Op grond van artikel 67 AWR kan Snel niet ingaan op de fiscale positie van een individuele belastingplichtige. Of er een ruling met Uber is en wat de inhoud daarvan zou zijn, zegt Snel dus niets. Wel geeft hij een nadere toelichting op de mogelijkheden van belastingaftrek en rulings.

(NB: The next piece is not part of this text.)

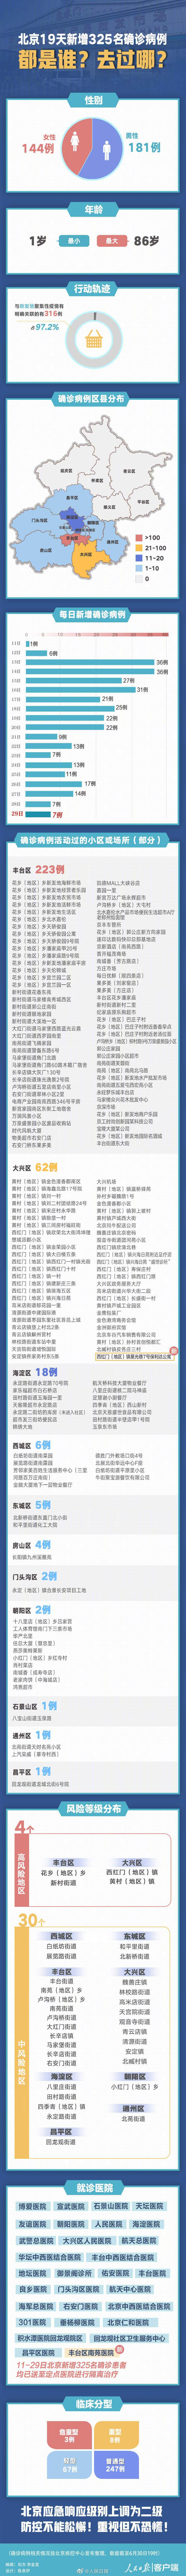 北京19天新增325例本土确诊病例都去过哪?一图了解图片
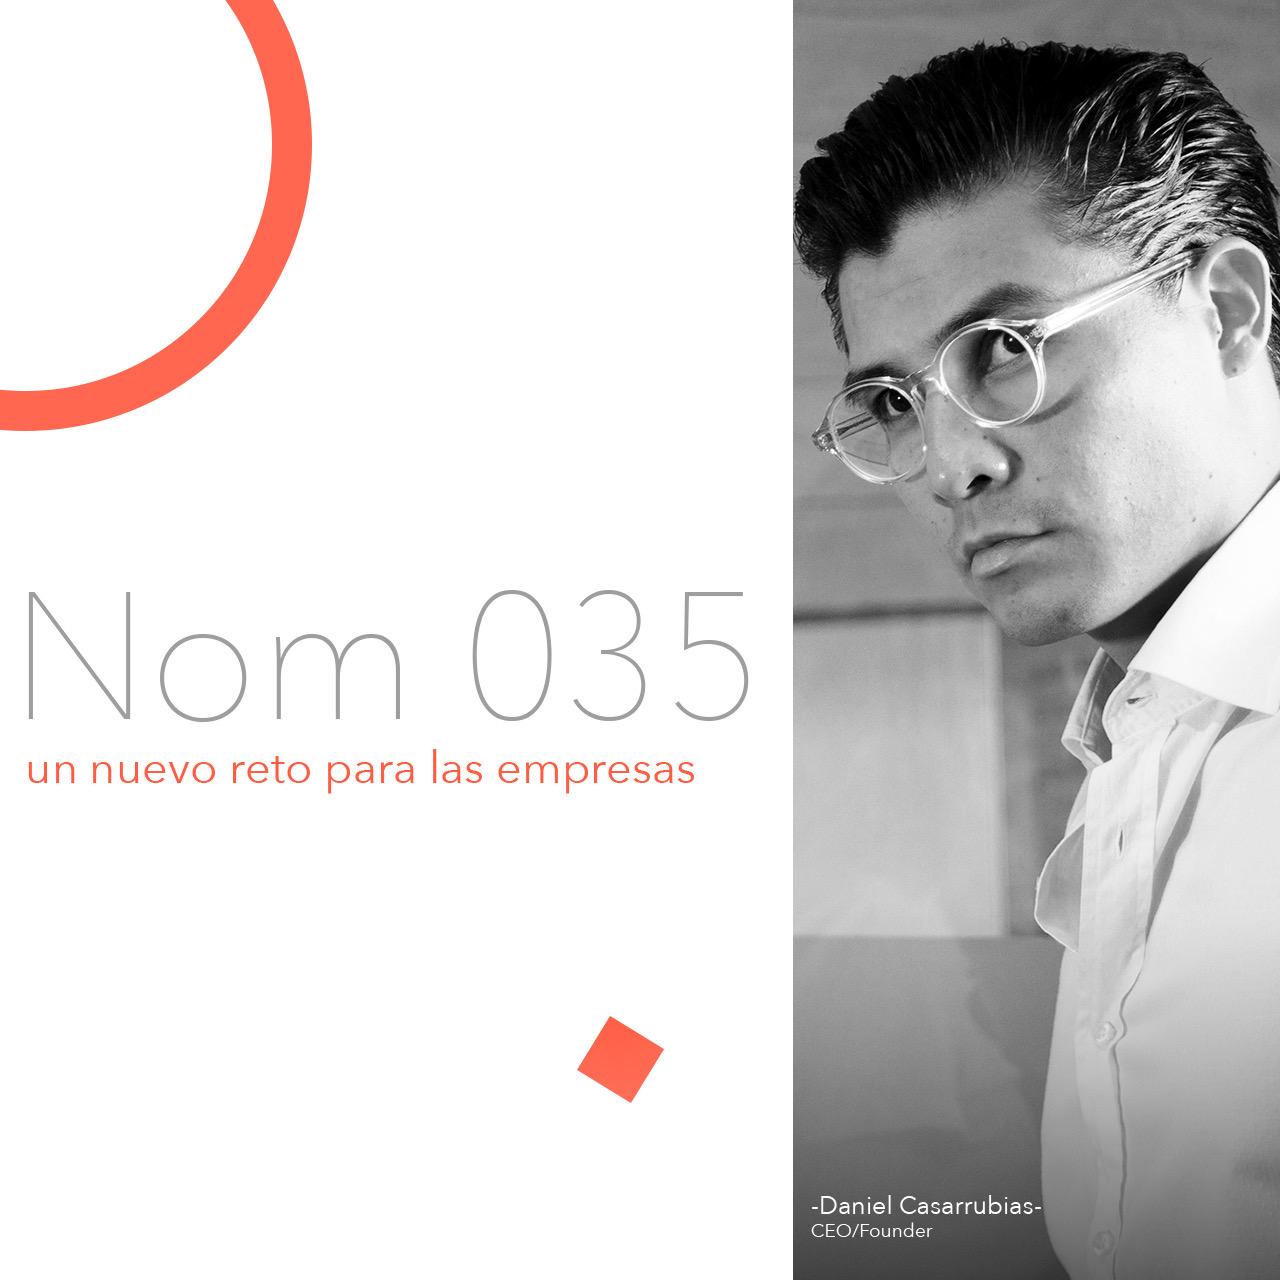 NOM 035, un nuevo reto para las empresas

De winsten die na de verplaatsing met het intellectueel eigendom worden behaald, zijn onderworpen aan winstbelasting in het land waarheen het intellectueel eigendom is verplaatst. Als het intellectueel eigendom naar Nederland is verplaatst, is de toekomstige winst toerekenbaar aan het intellectueel eigendom onderworpen aan vennootschapsbelasting in Nederland.
Goed koopmansgebruik
Voor de vraag of een intellectueel eigendom kan worden toegerekend aan een in Nederland gevestigde groepsmaatschappij, is van belang dat die maatschappij over de vereiste relevante functionaliteit beschikt om de relevante risico’s die zijn verbonden aan het betreffende intellectueel eigendom te kunnen beheersen. Het is aan de Belastingdienst om dit te beoordelen, evenals bijvoorbeeld de vragen of bij de overdracht van activa een zakelijke overdrachtsprijs is gehanteerd en of de afschrijving past binnen de kaders van goed koopmansgebruik. Indien deze beoordeling plaatsvindt voorafgaand aan de overdracht is sprake van zekerheid vooraf in de vorm van een ruling. In de andere gevallen vindt beoordeling achteraf plaats aan de hand van de ingediende aangifte. Bij het geven van zekerheid vooraf en bij de beoordeling achteraf worden dezelfde kaders gehanteerd.
Vernieuwde rulingpraktijk
Snel verwijst ook naar de vernieuwde rulingpraktijk die per 1 juli 2019 van kracht is. Deze maatregelen zijn neergelegd in het Besluit vooroverleg rulings met een internationaal karakter. Het besluit beschrijft in onderdeel 3 in welke gevallen door de Belastingdienst geen vooroverleg zal worden gevoerd en derhalve geen ruling tot stand zal komen. Kort samengevat is dit het geval indien geen sprake is van economische nexus, indien het besparen van Nederlandse of buitenlandse belasting de enige of doorslaggevende reden is voor de rechtshandeling, of indien een transactie plaatsvindt met een land dat is opgenomen in de Nederlandse lijst met laagbelastende jurisdicties. Snel meldt dat het onderzoek naar de toepassing van het arm's length'-beginsel in de Vpb begin 2020 is afgerond.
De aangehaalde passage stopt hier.